* The data:
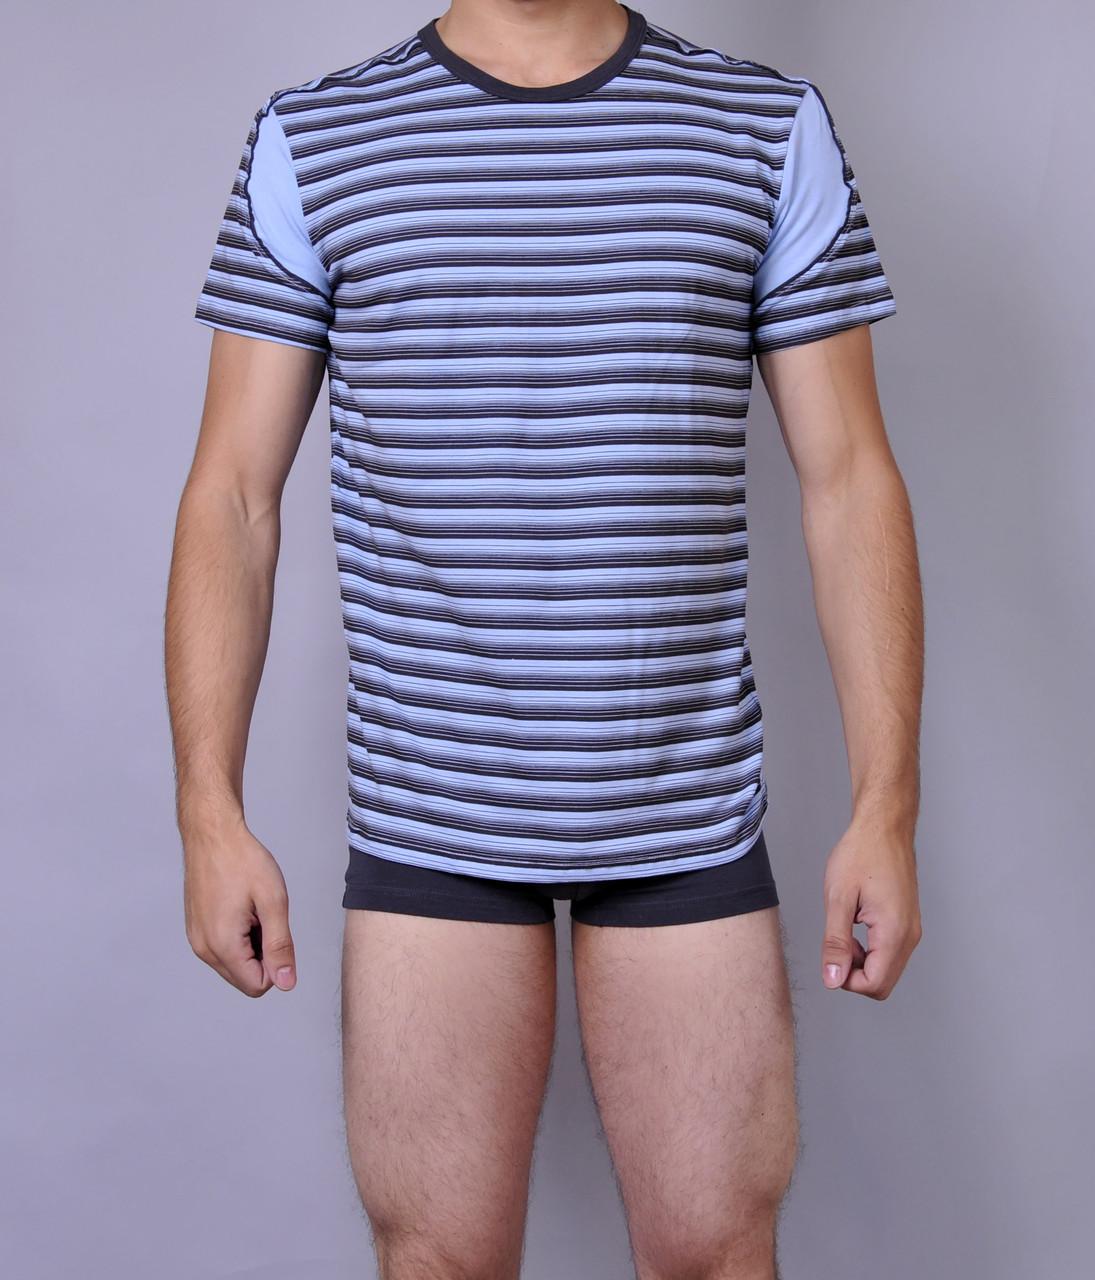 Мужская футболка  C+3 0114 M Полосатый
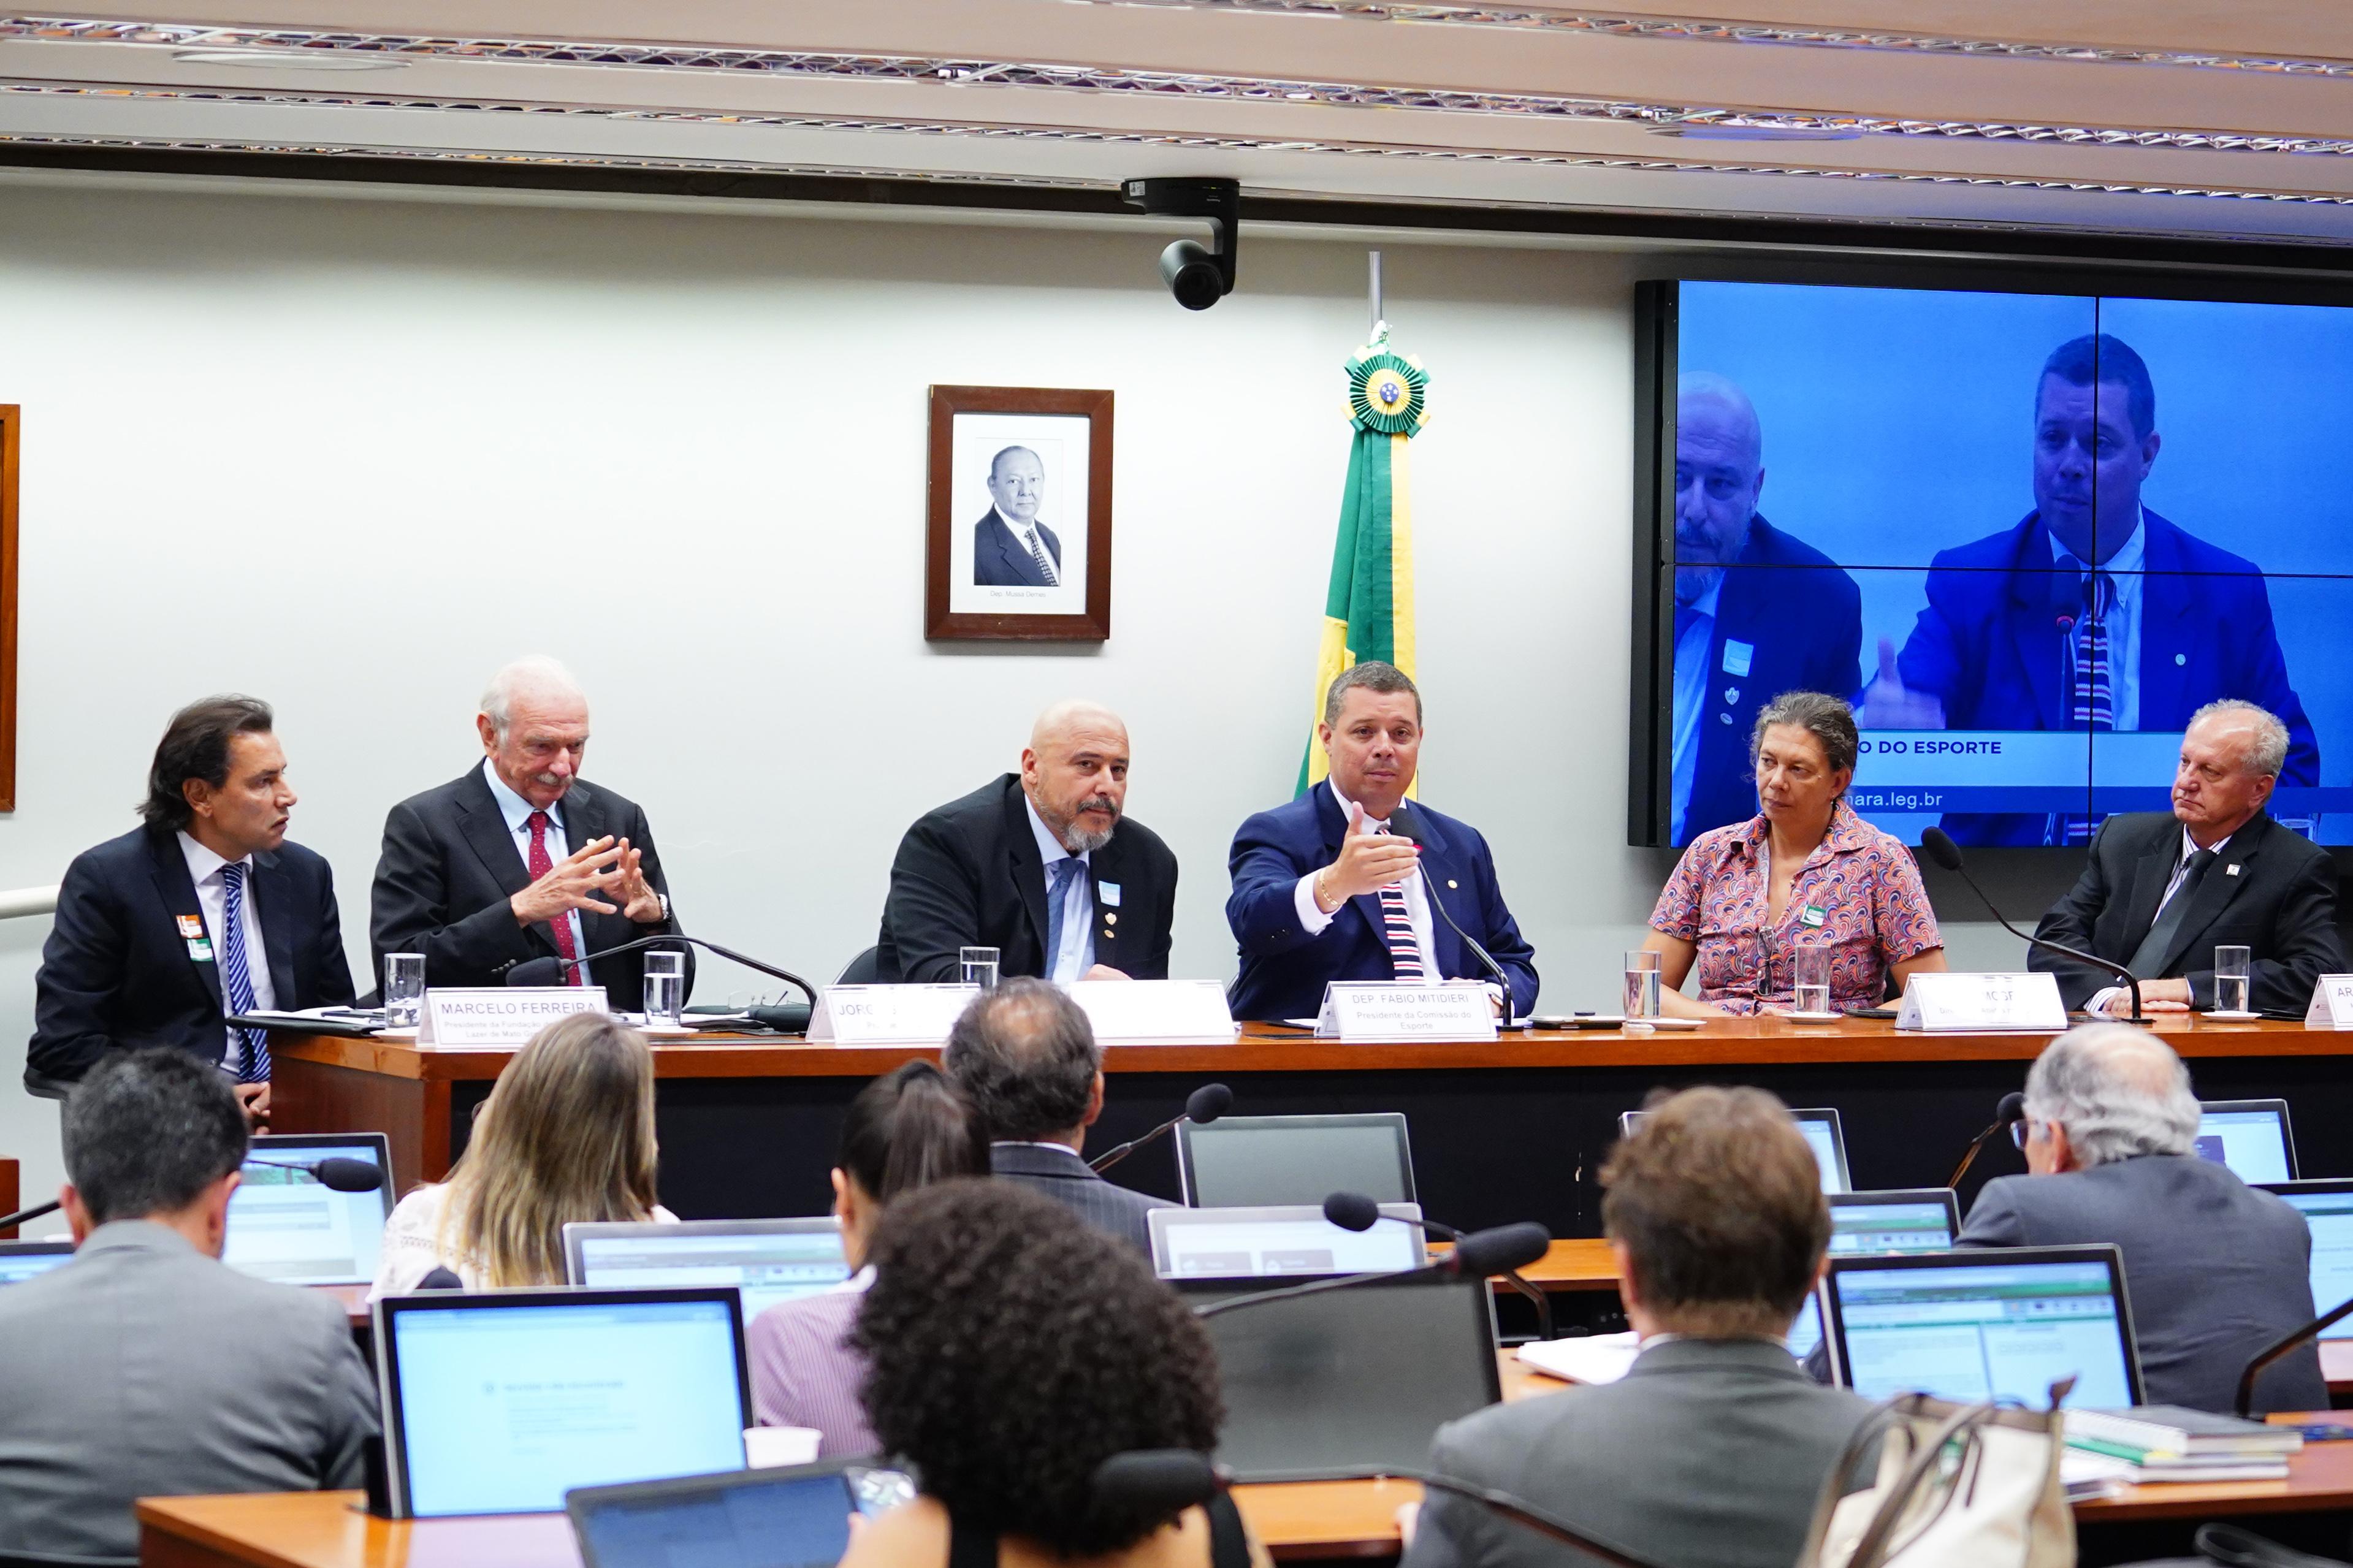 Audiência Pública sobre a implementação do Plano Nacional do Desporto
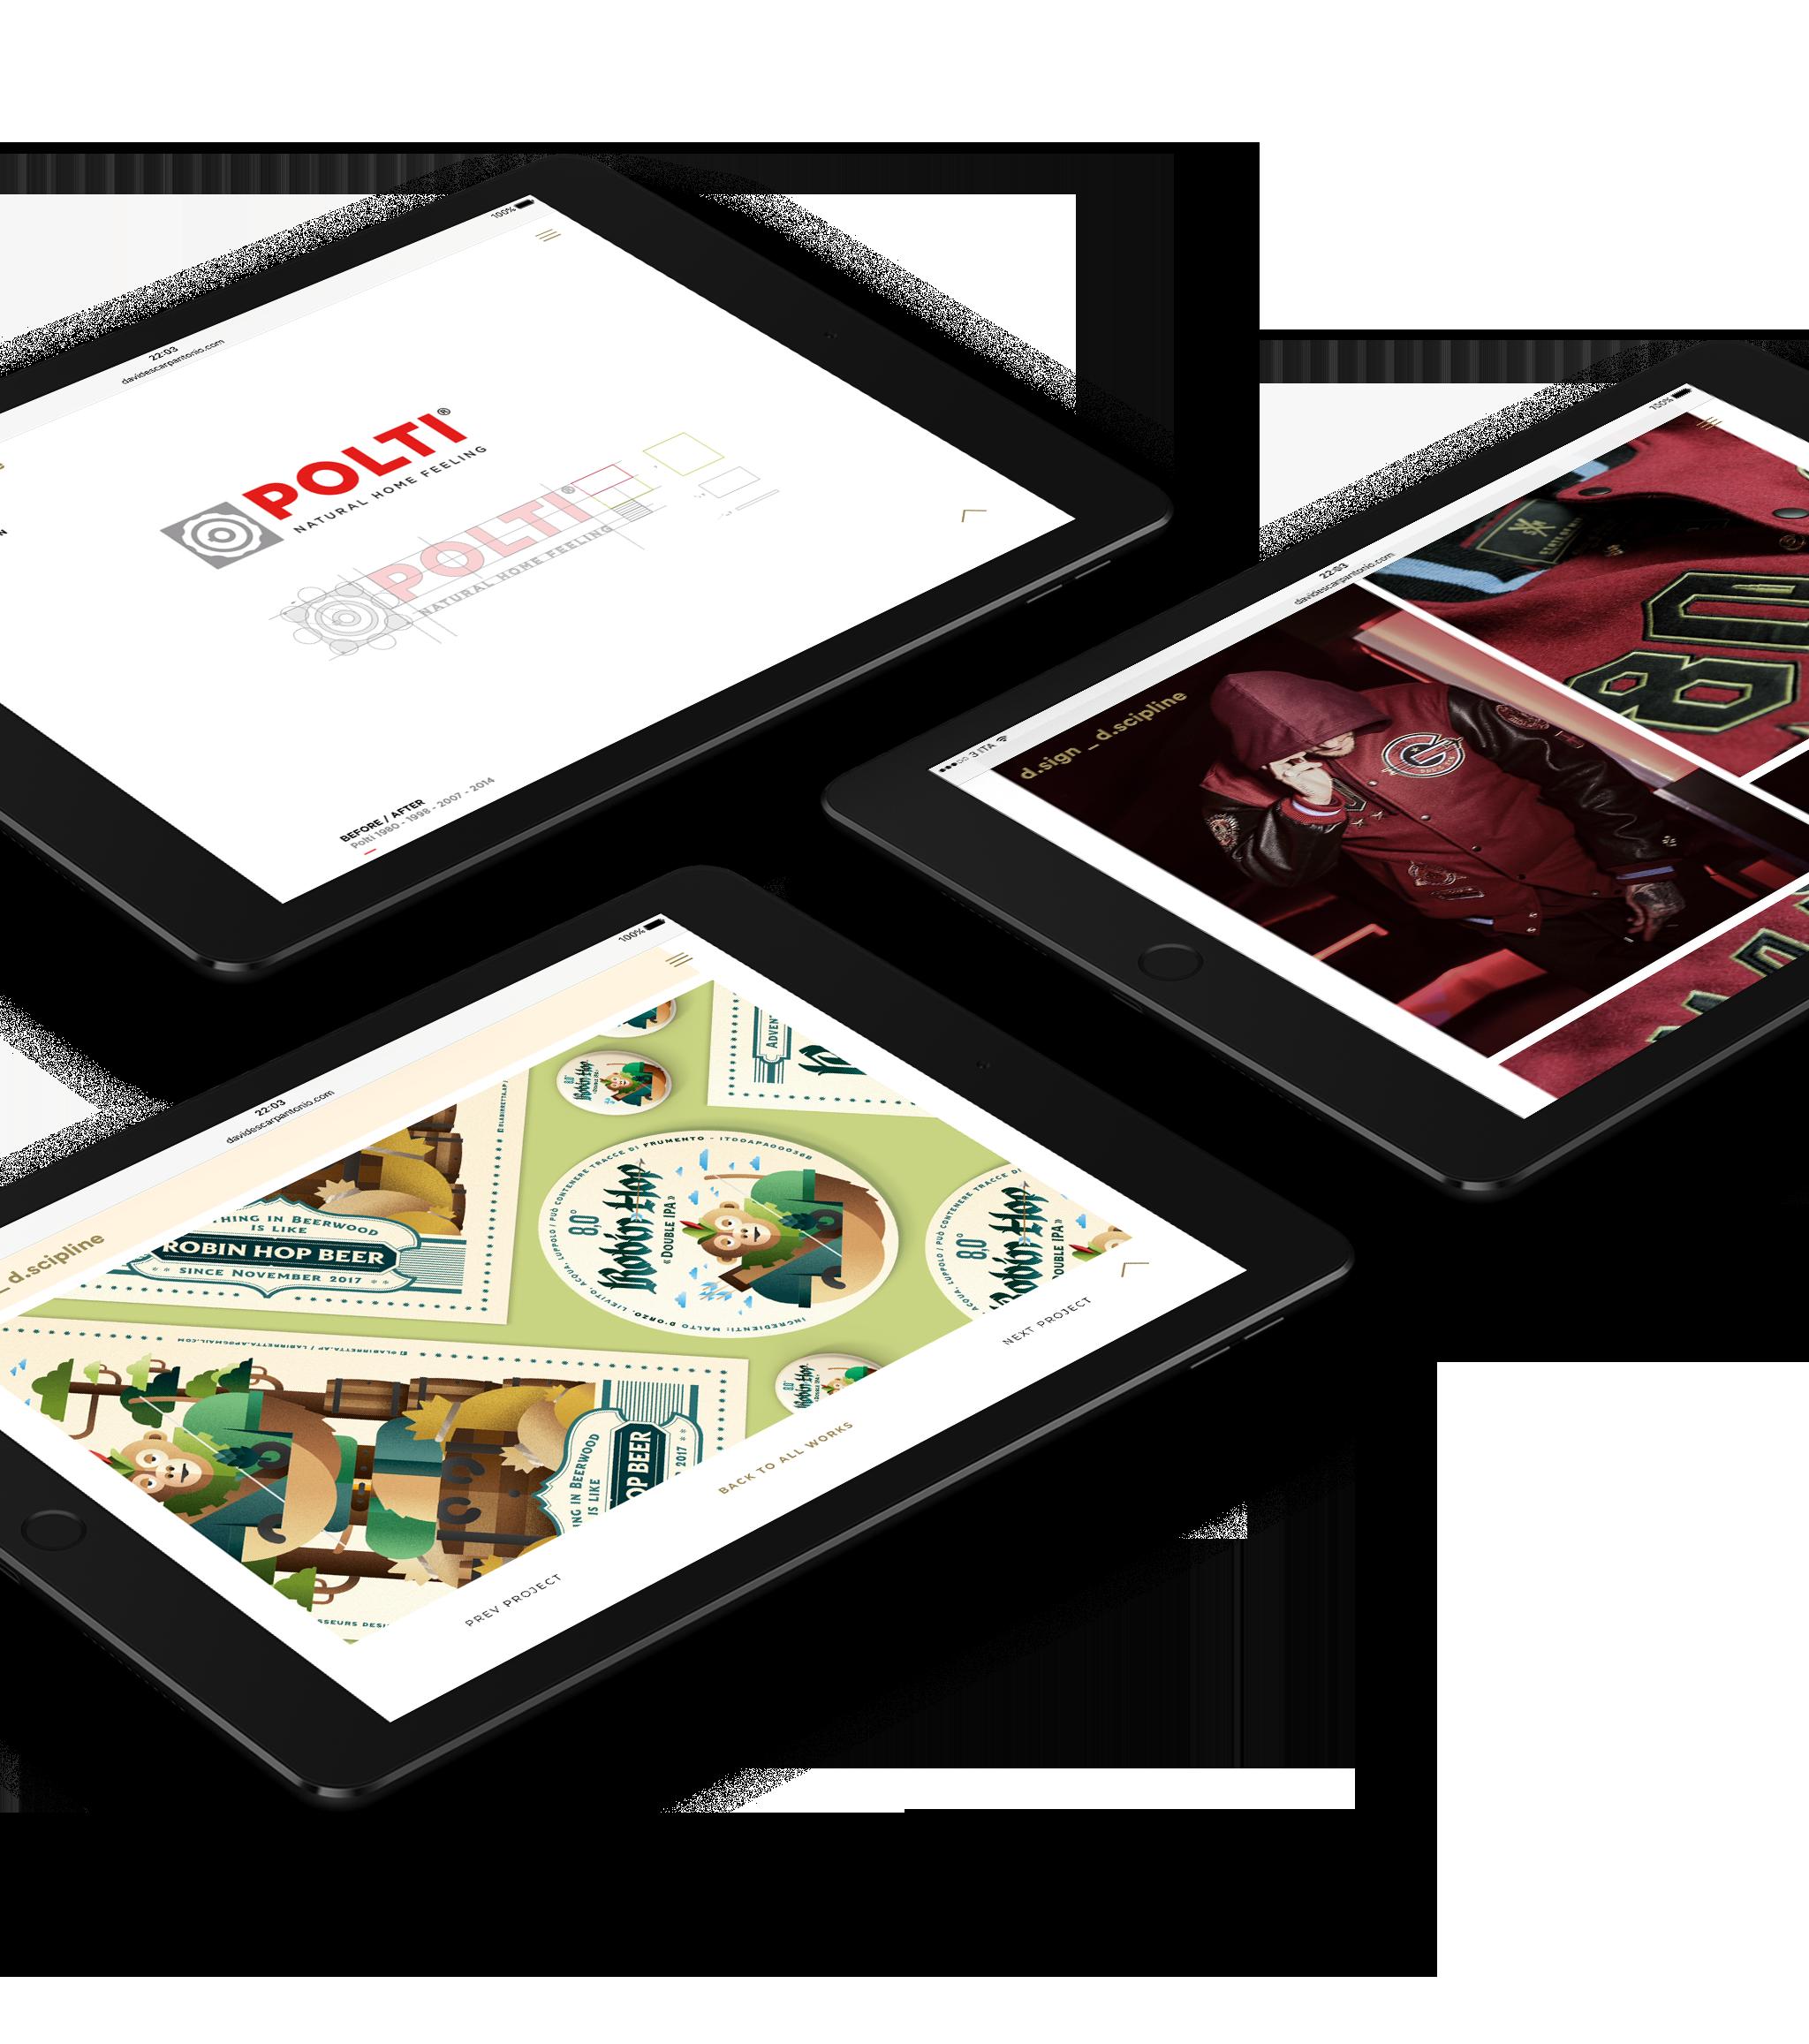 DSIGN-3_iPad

* What you should do: Take the data above and set it down exactly, images excluded.

* Answer to the exercise:
 Мужская футболка  C+3 0114 M Полосатый
 Audiência Pública sobre a implementação do Plano Nacional do Desporto
 DSIGN-3_iPad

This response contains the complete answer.